DIRECTIONS: Write out the lines of the material below exactly, beginning at the line with "Effect of Ambroxol" and stopping after the line with "OU Baseball: Oklahoma", and leave out the pictures.

INFORMATION:
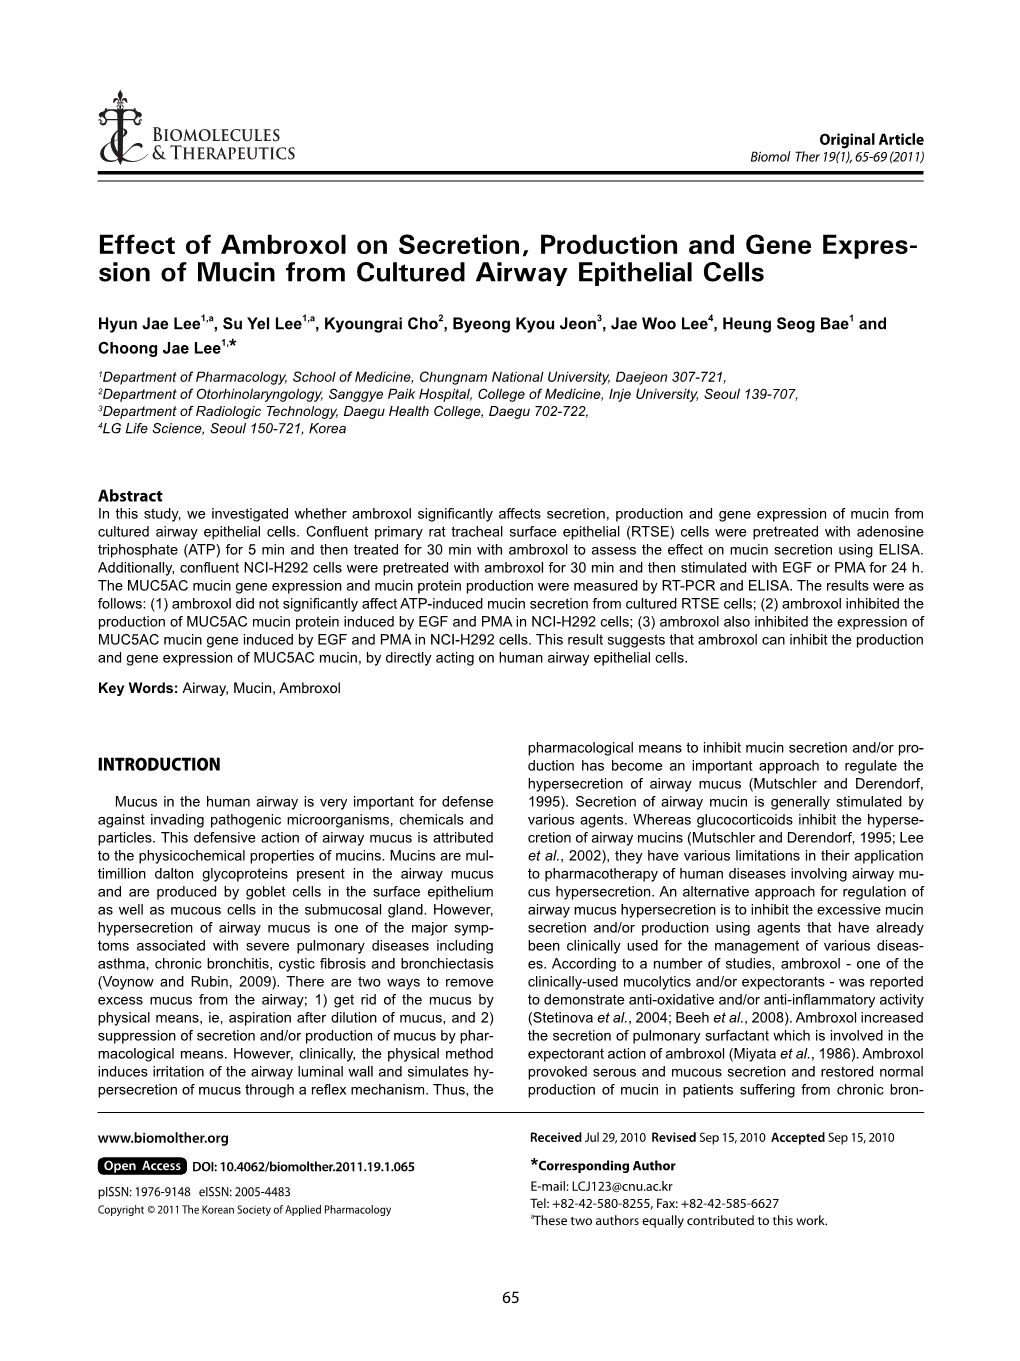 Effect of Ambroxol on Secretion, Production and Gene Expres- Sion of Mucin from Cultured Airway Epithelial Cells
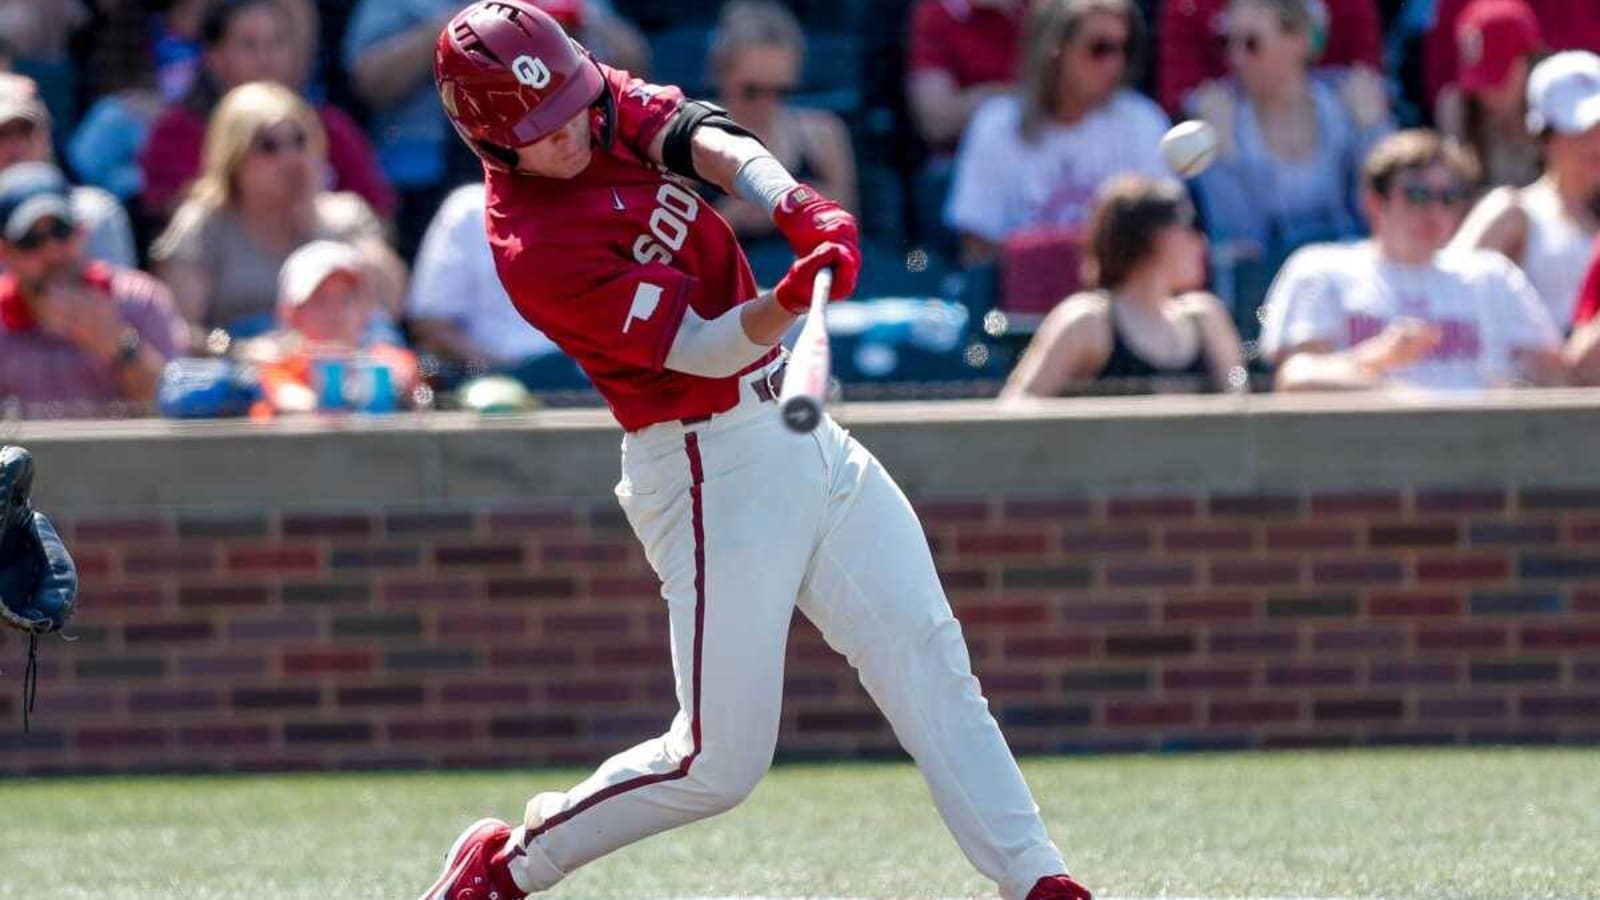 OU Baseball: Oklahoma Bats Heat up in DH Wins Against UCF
...
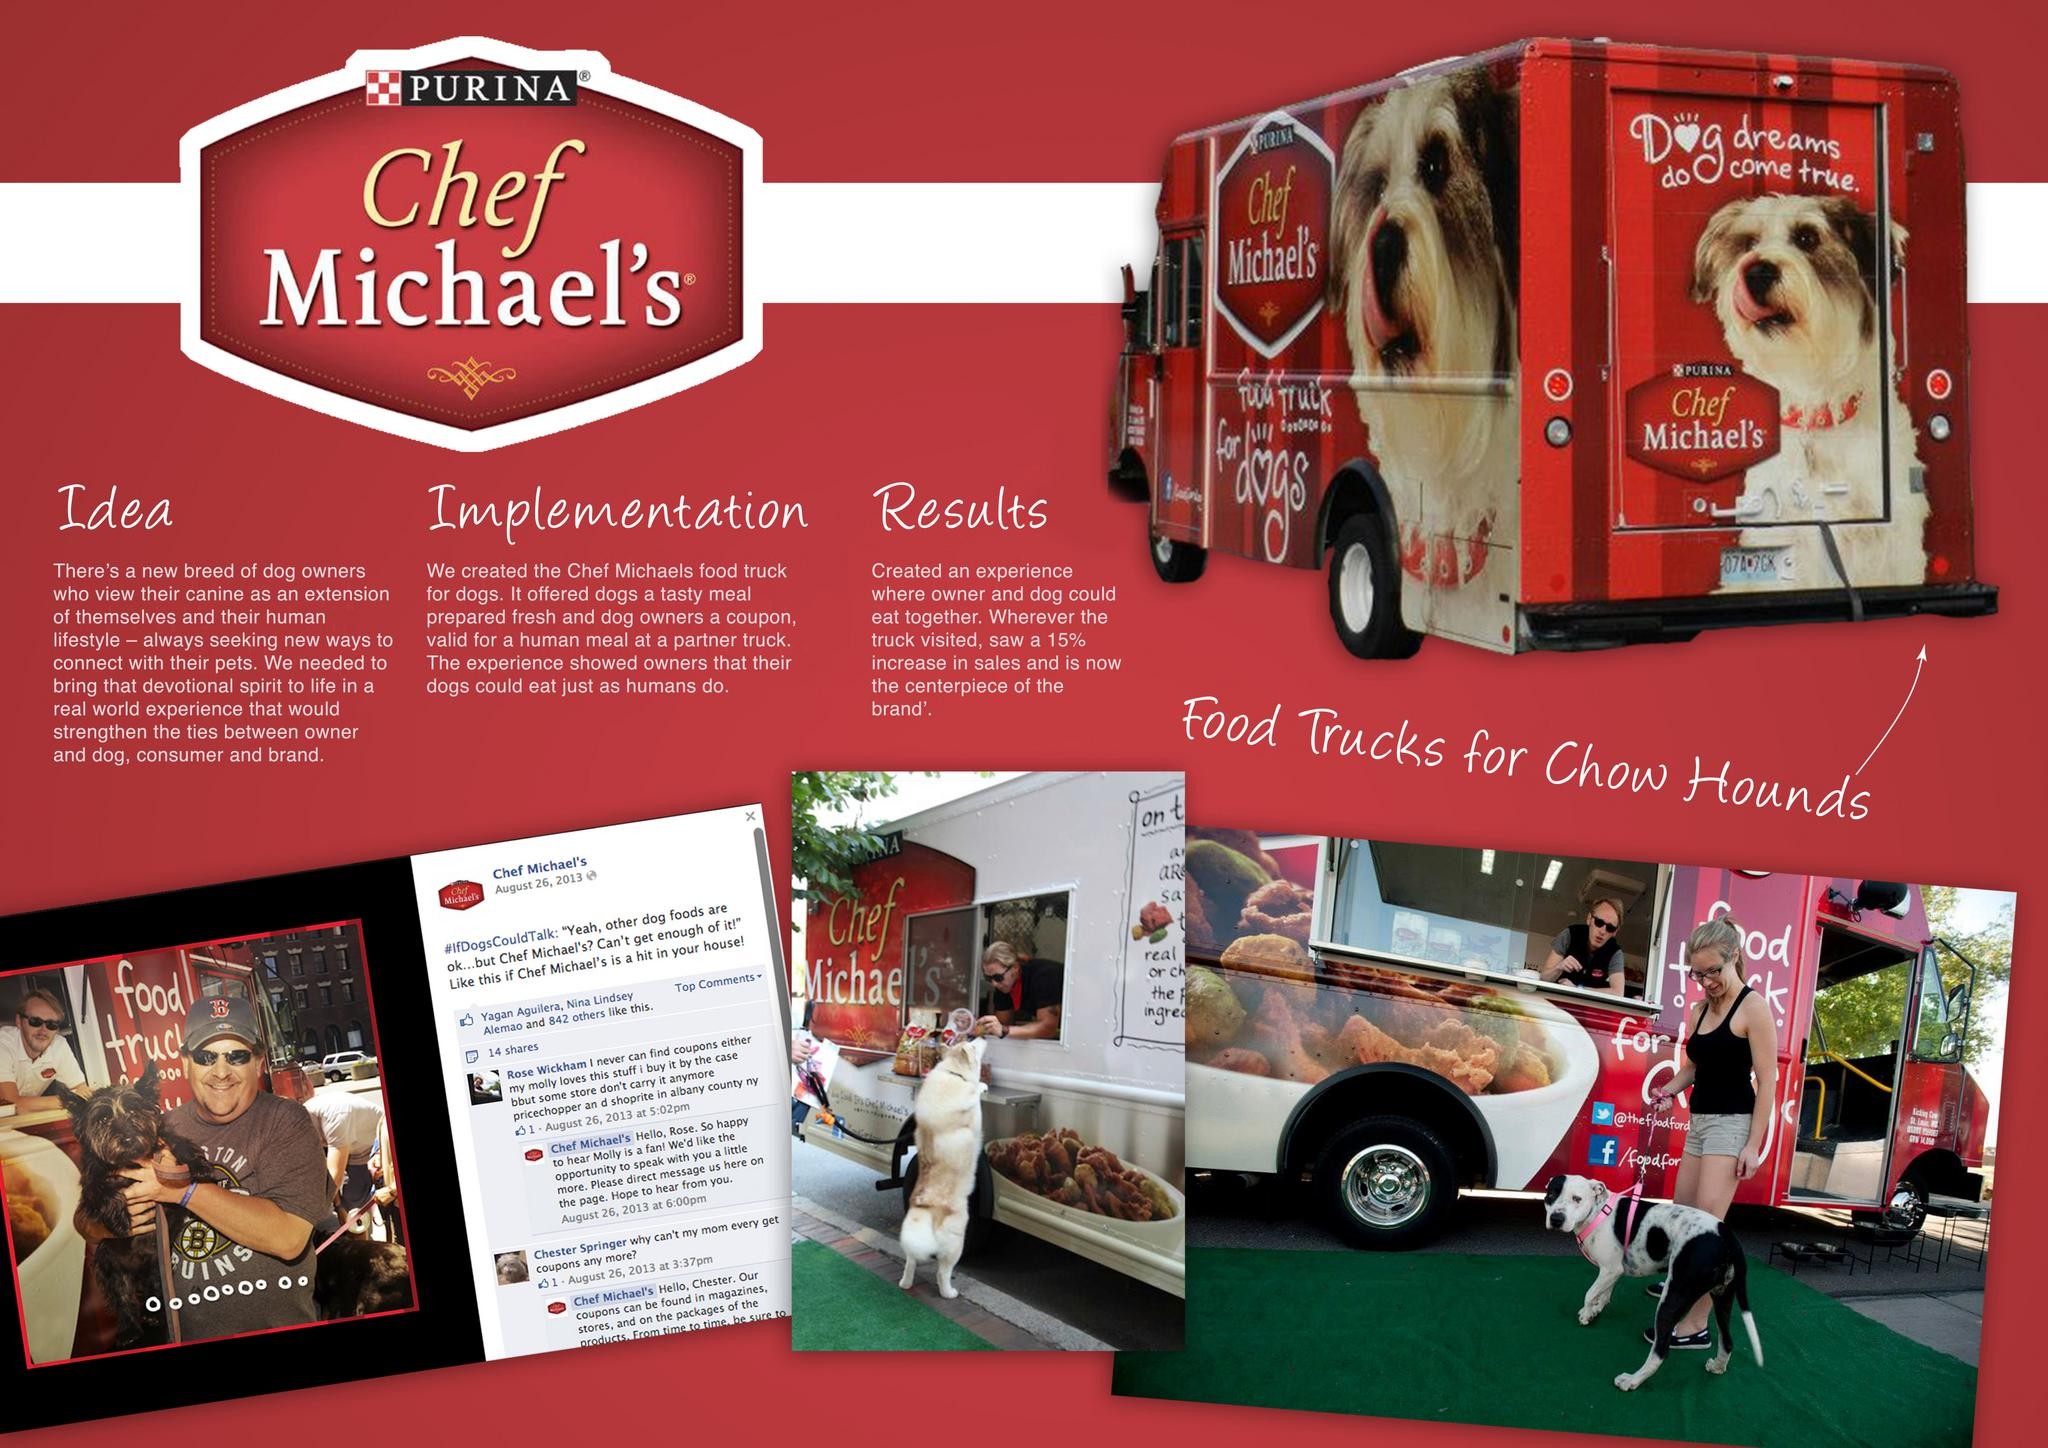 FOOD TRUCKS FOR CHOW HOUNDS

TASK RESULT:
 Effect of Ambroxol on Secretion, Production and Gene Expres- Sion of Mucin from Cultured Airway Epithelial Cells
 OU Baseball: Oklahoma Bats Heat up in DH Wins Against UCF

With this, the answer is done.